Accessible Interactive AI Kiosk (GPT-4 + Speech Recognition)

tosolini · March 27, 2023, 11:16am

Accessible AI kiosk

Introducing a new prototype that leverages the power of speech recognition and AI to enhance accessibility in interactive installations for public venues. Specifically, this demo draws inspiration from The Museum of Flight in Seattle and the recently available OpenAI GPT-3 IA developed by @Seb and available through the Marketplace.

The primary goal of this prototype is to assist museum visitors in easily finding exhibition areas that align with their interests by using natural language queries. The demo showcases how Intuiface can achieve this by utilizing the Speech Recognition IA as the input mechanism and specialized prompt engineering to instruct GPT-3 to provide personalized recommendations.

How does it work?

tap and hold

With a simple tap and hold of a button, visitors can speak a query, such as “Where can I find World War II airplanes?” The speech recognition technology then converts the query into text and combines it with a targeted prompt, which instructs the AI model to identify the best match among the list of galleries based on their descriptions.

The success of this system relies on crafting a detailed prompt that sets the stage for the AI to effectively do its job. To achieve this, the instructions are combined with user input in Excel before being passed on to the AI model. A microphone is required for this feature to work.

Opportunities and limitations

Using voice recognition technology has the potential to enhance accessibility for users interacting with kiosks in public spaces. The application of voice recognition extends beyond wayfinding to creating custom conversation agents trained on specific museums data that can respond to user inquiries using text-to-speech technology.

However, the effectiveness of voice recognition depends on the quality of the recognition engine. The Microsoft Speech Platform, upon which Intuiface Speech Recognition is based, may not be suitable for all visitors, particularly non-native English speakers or in noisy environments. Therefore, it may be beneficial for museums to explore other alternatives, such as OpenAI’s Whisper, to improve the accuracy and reliability of voice recognition technology.

Download the Accessible Interactive AI Kiosk demo.

Please note that to use this XP and customize it, you will need to sign up for the OpenAI API platform and obtain your own secret API key. Once you have your API key, simply switch to Edit mode in Composer, locate the Excel database file called XLS_PromptMaker under Interface Assets, and paste your API key into the appropriate field.

If you enjoyed this topic, check out also the AI-Powered Interactive Kiosk article.

shpeterson · April 26, 2023, 10:34pm

Sees lots of great possibilities here, and as usual, a wealth of resources.

tosolini · April 27, 2023, 1:17pm

@shpeterson Glad you enjoyed the prototype!

tosolini · October 5, 2023, 2:59am

This is a refresh of our original R&D prototype, made possible by two new OpenAI Interface Assets developed by magic @Seb. The goal of this demo remains the same: to allow a user to express an interest in a particular artifact / subject (using voice) and have AI suggest the best matching gallery / exhibit in the museum.

The significant improvements are in the quality of the voice recognition (now achieved through the much more accurate Whisper system) and the ability to interface with OpenAI GPT-4.

The key information about the museum galleries / exhibits is passed once to GPT-4 through an initial system prompt. Each subsequent input is treated as a follow-up request, resulting in saving tokens (and money), since OpenAI charges you by token usage.

The system prompt also instructs AI to provide the responses in a particular format:

ID|Gallery name|Gallery description

By organizing the response as pipe-delimited text, we can individually extract the ID, Gallery name, and Gallery description. In particular, the ID is being used to automatically turn visibility on/off of the red pins on the map.

Feel free to download this XP and use it in your own projects. The OpenAI GPT-4 and Whisper IA will need to run in Player NextGen mode. Make sure to add your own OpenAI API Key in the Excel.
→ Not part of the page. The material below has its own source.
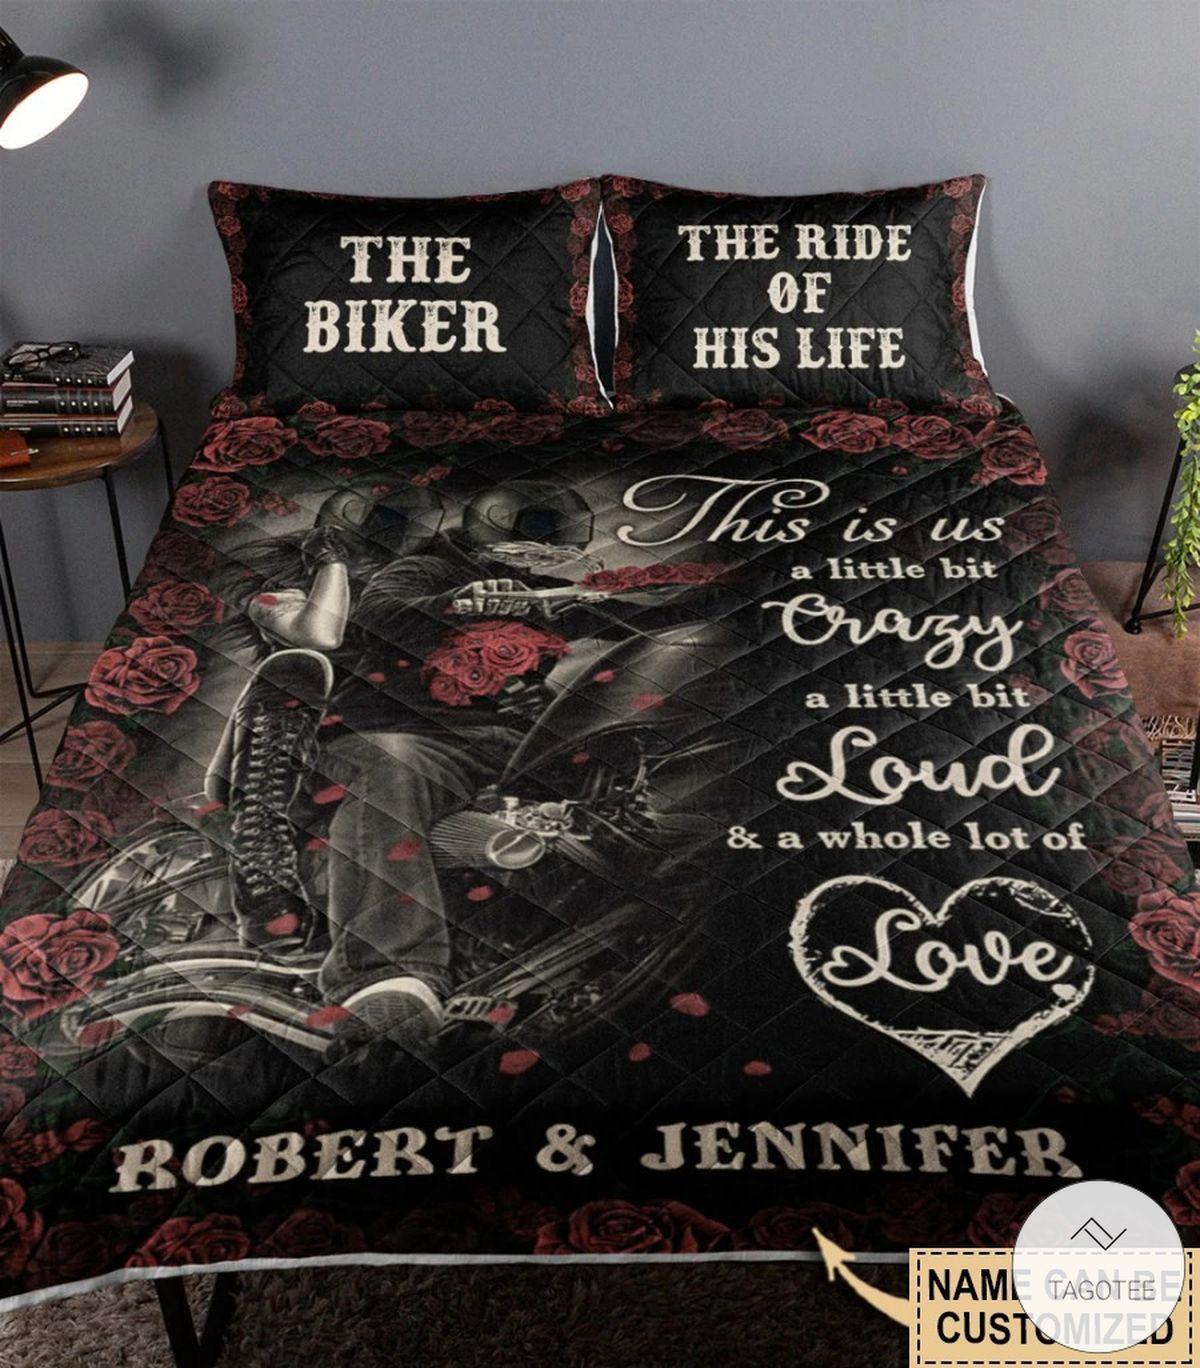 Personalized Biker Couple This is us a little bit crazy a little bit loud quilt bedding set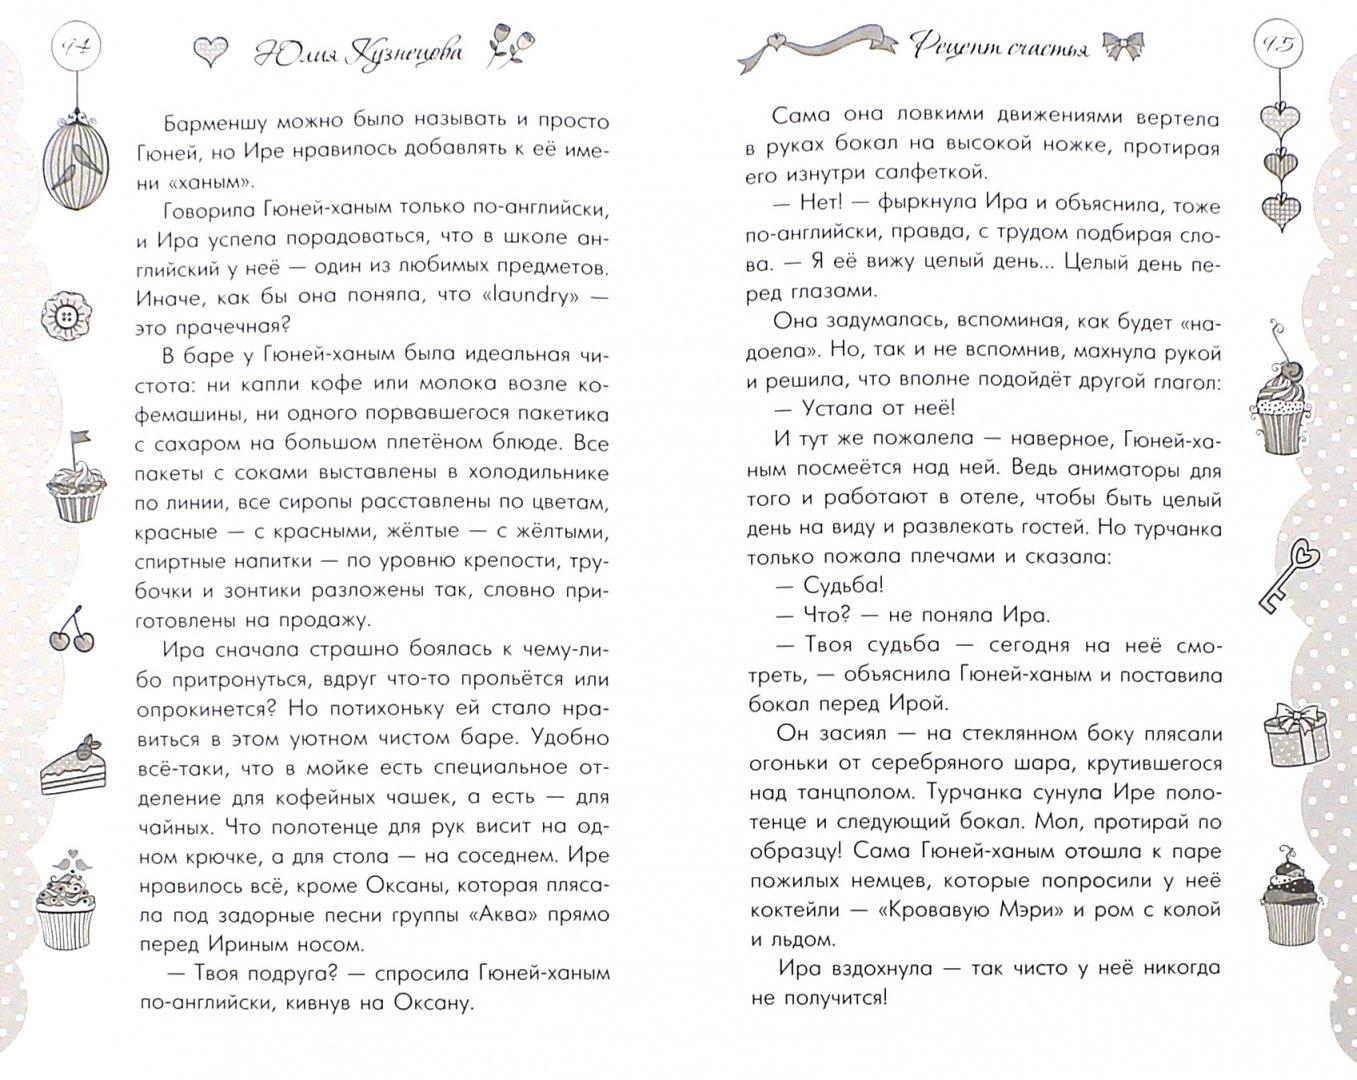 Иллюстрация 1 из 20 для Рецепт счастья - Юлия Кузнецова | Лабиринт - книги. Источник: Лабиринт

Seb · October 5, 2023, 3:02pm

Thanks Paolo @tosolini for coming up with a great usage example of these new AI IAs (Artificial Intelligence - Interface Assets)!

If any of you readers want to test this and don’t have access to Player Next Gen yet, just ping me here

geoff · October 5, 2023, 3:41pm

Not only is this a great example, but it’s a really helpful look at how to efficiently engage with GPT to extract exactly what is needed from each response - no more, no less. It’s a great look at how to leverage AI in a public setting so you don’t risk unusual/unexpected responses.

tosolini · October 5, 2023, 4:12pm

@seb @geoff Thanks for the kind feedback. These new AI IAs are really giving Intuiface some new superpowers.